SUPPLIED MATERIAL:
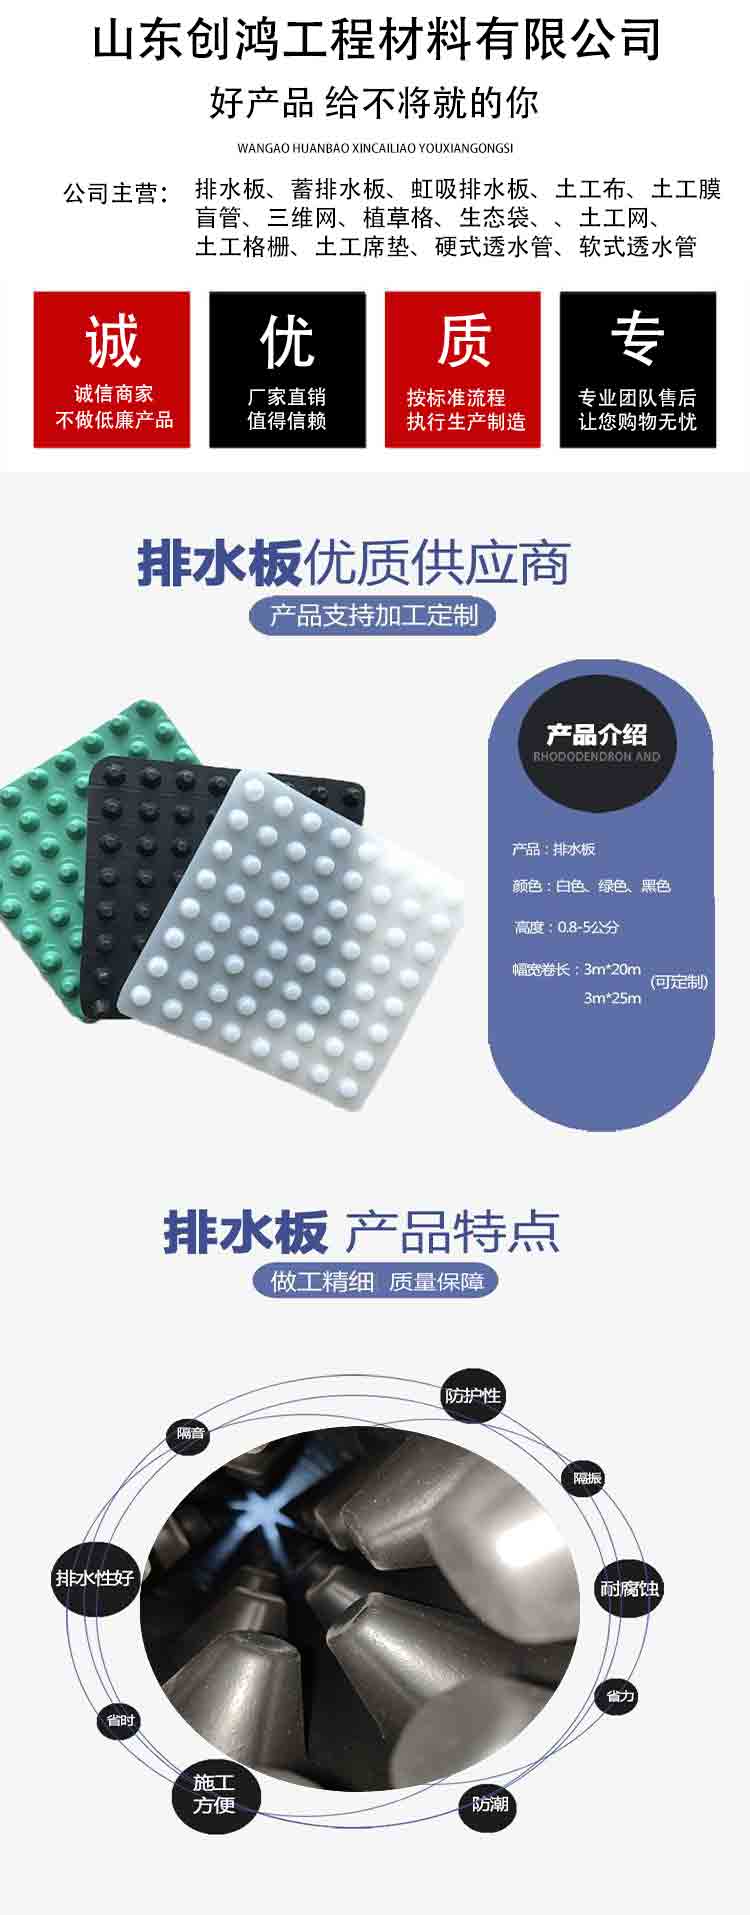 欢迎访问郑州-塑料排水板郑州-有限公司
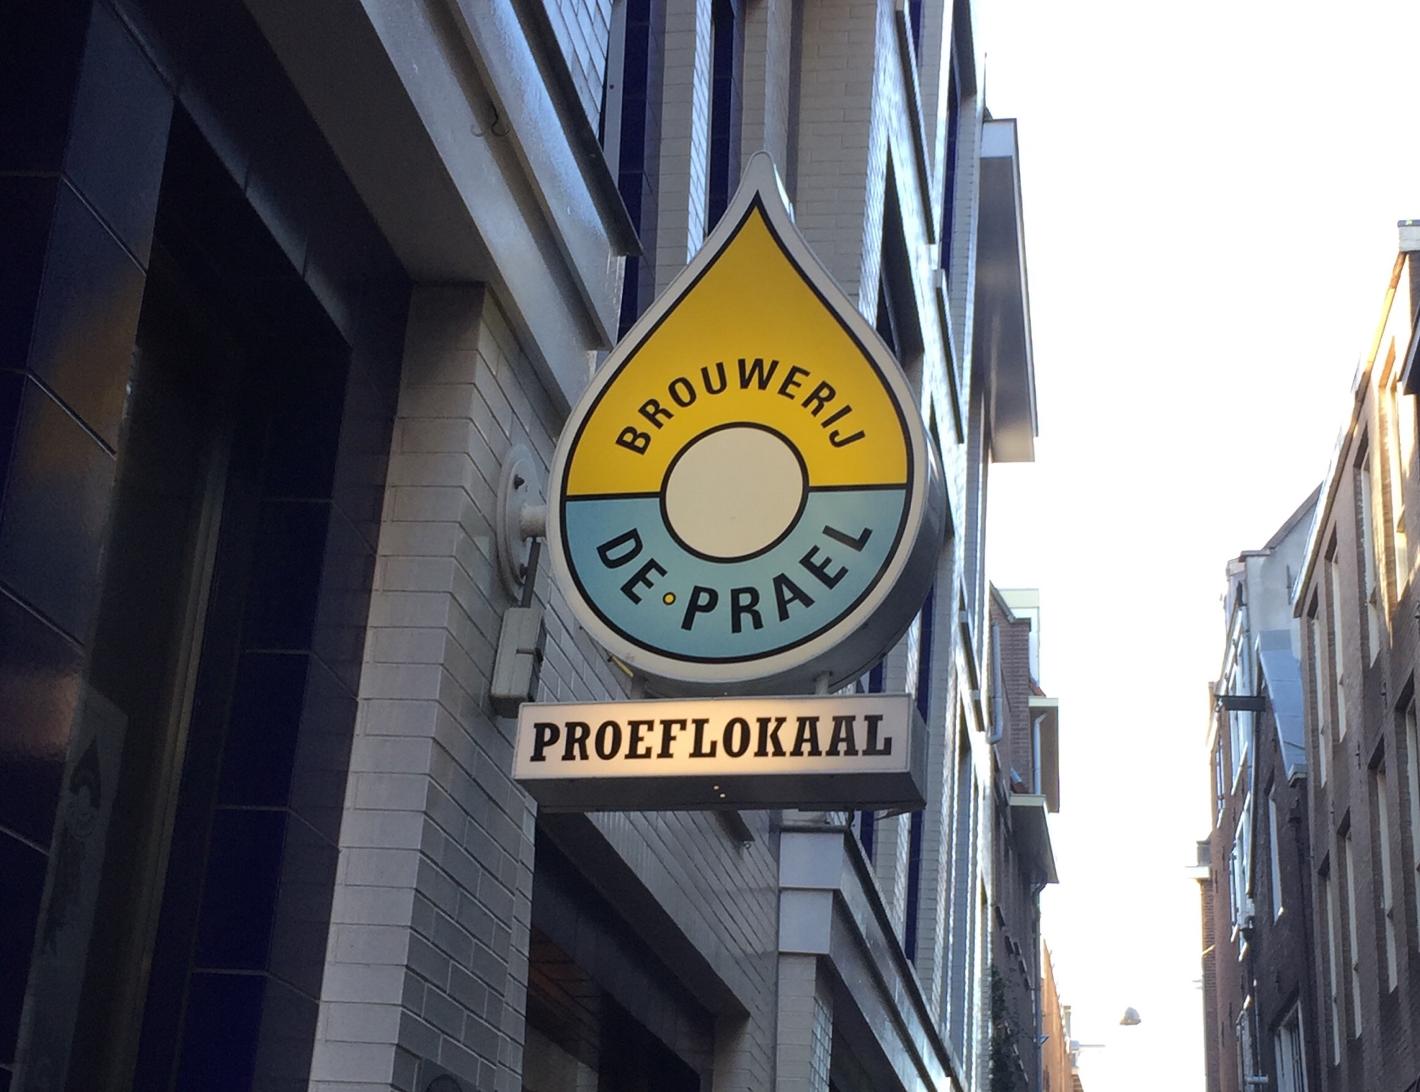 Foto Brouwerij de Prael in Amsterdam, Einkaufen, Geschenk, Delikatesse, Getränk, Aktivität - #1
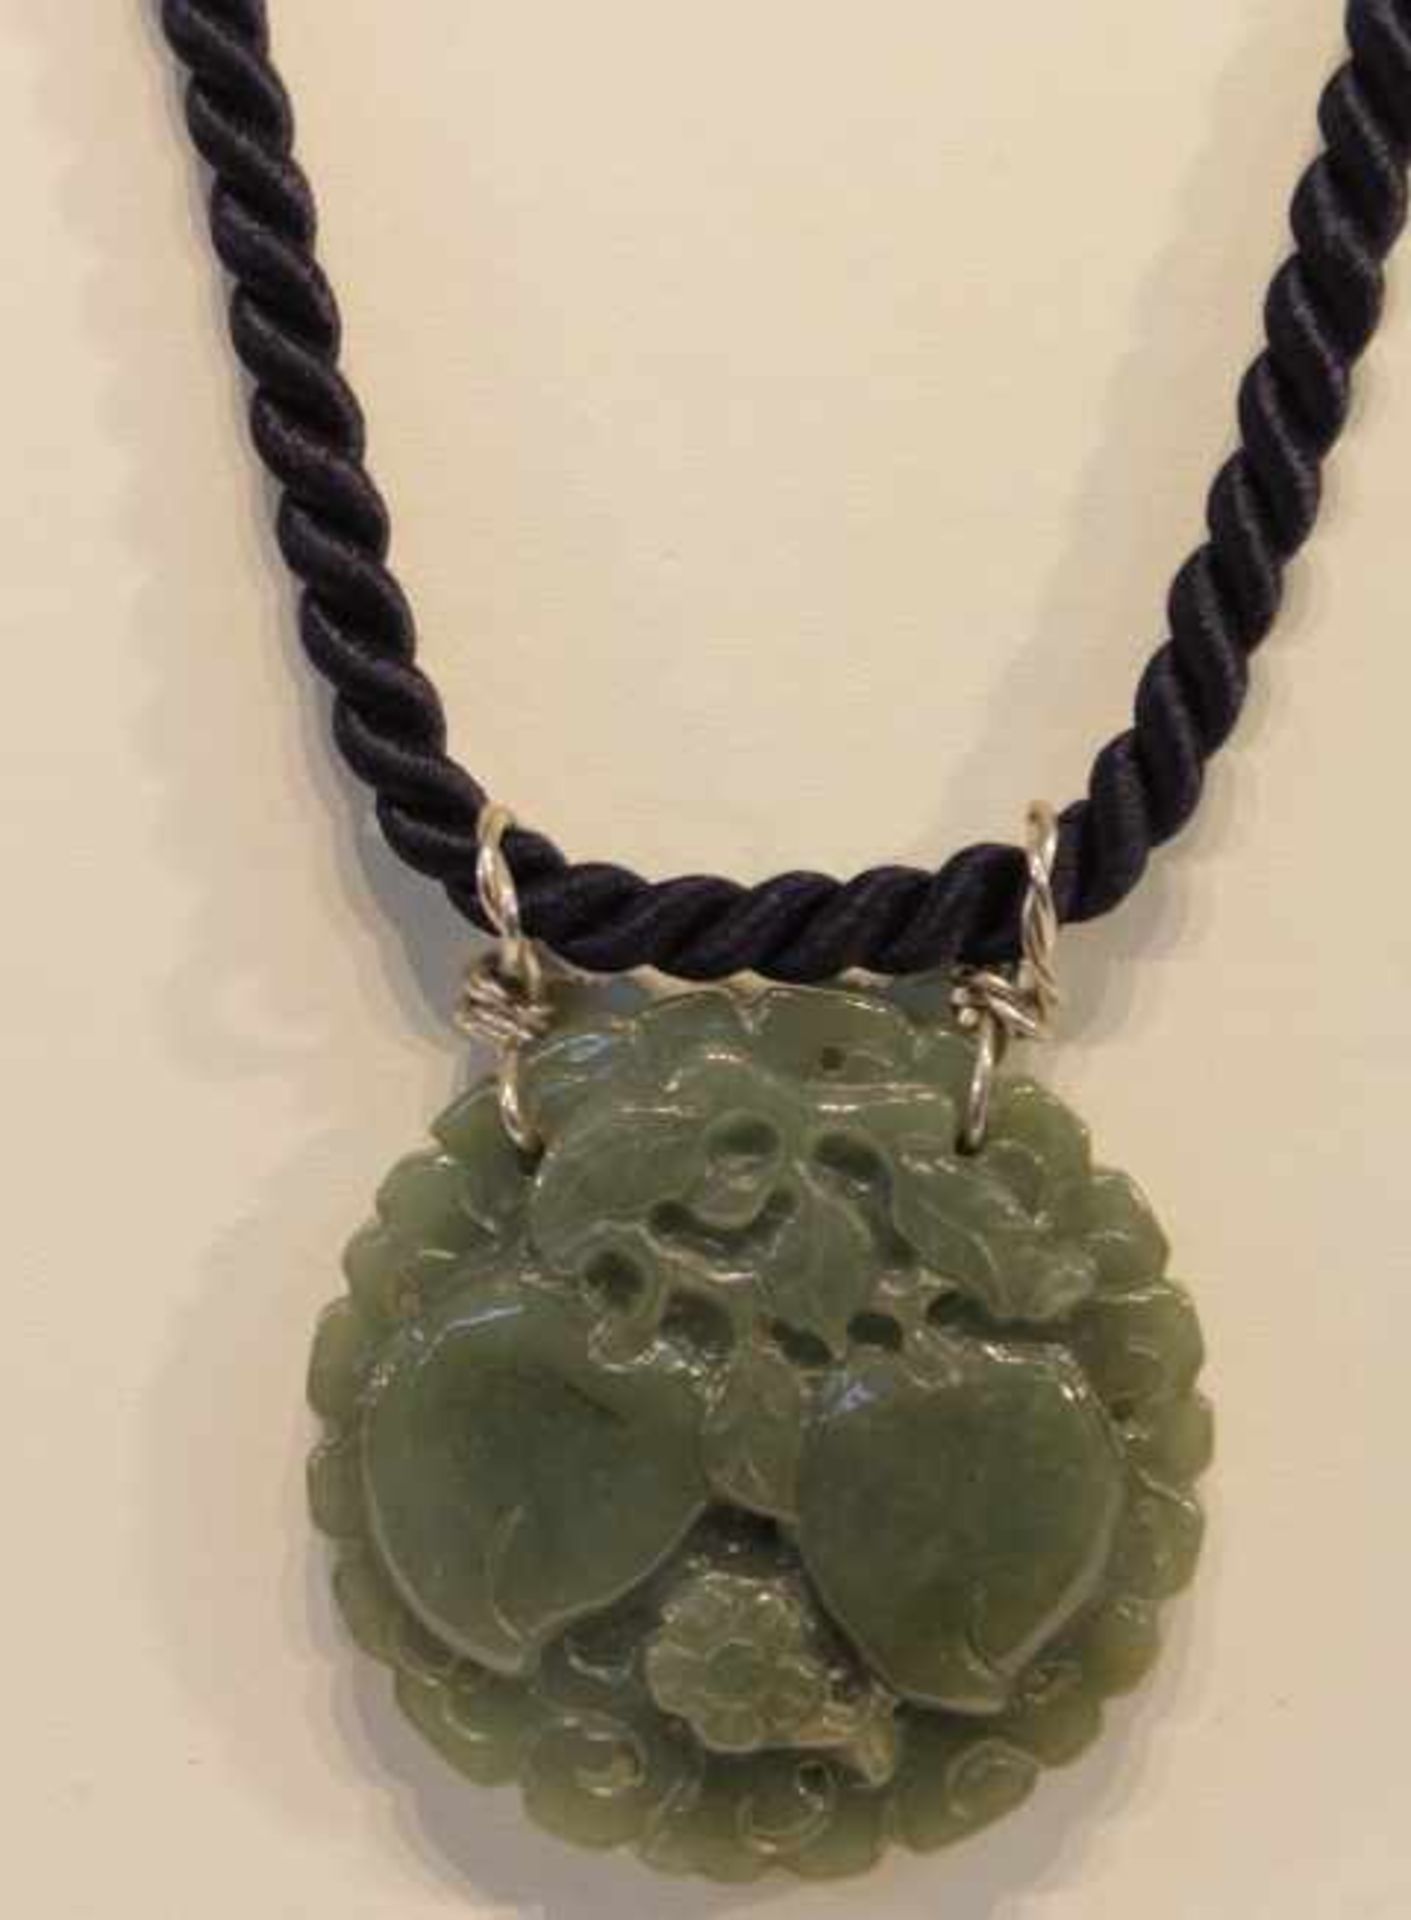 CollierBlaue Kordel Verschluß SilberAnhänger Wohl Jade?mit geprägten Drachen und ObstDm:5,5x5,5cmL:

PROBLEM REQUIREMENTS:
Could you give back the full listing word for word, leaving out the images?

ANSWER SECTION:
 欢迎访问郑州-塑料排水板郑州-有限公司
 Foto Brouwerij de Prael in Amsterdam, Einkaufen, Geschenk, Delikatesse, Getränk, Aktivität - #1
 CollierBlaue Kordel Verschluß SilberAnhänger Wohl Jade?mit geprägten Drachen und ObstDm:5,5x5,5cmL:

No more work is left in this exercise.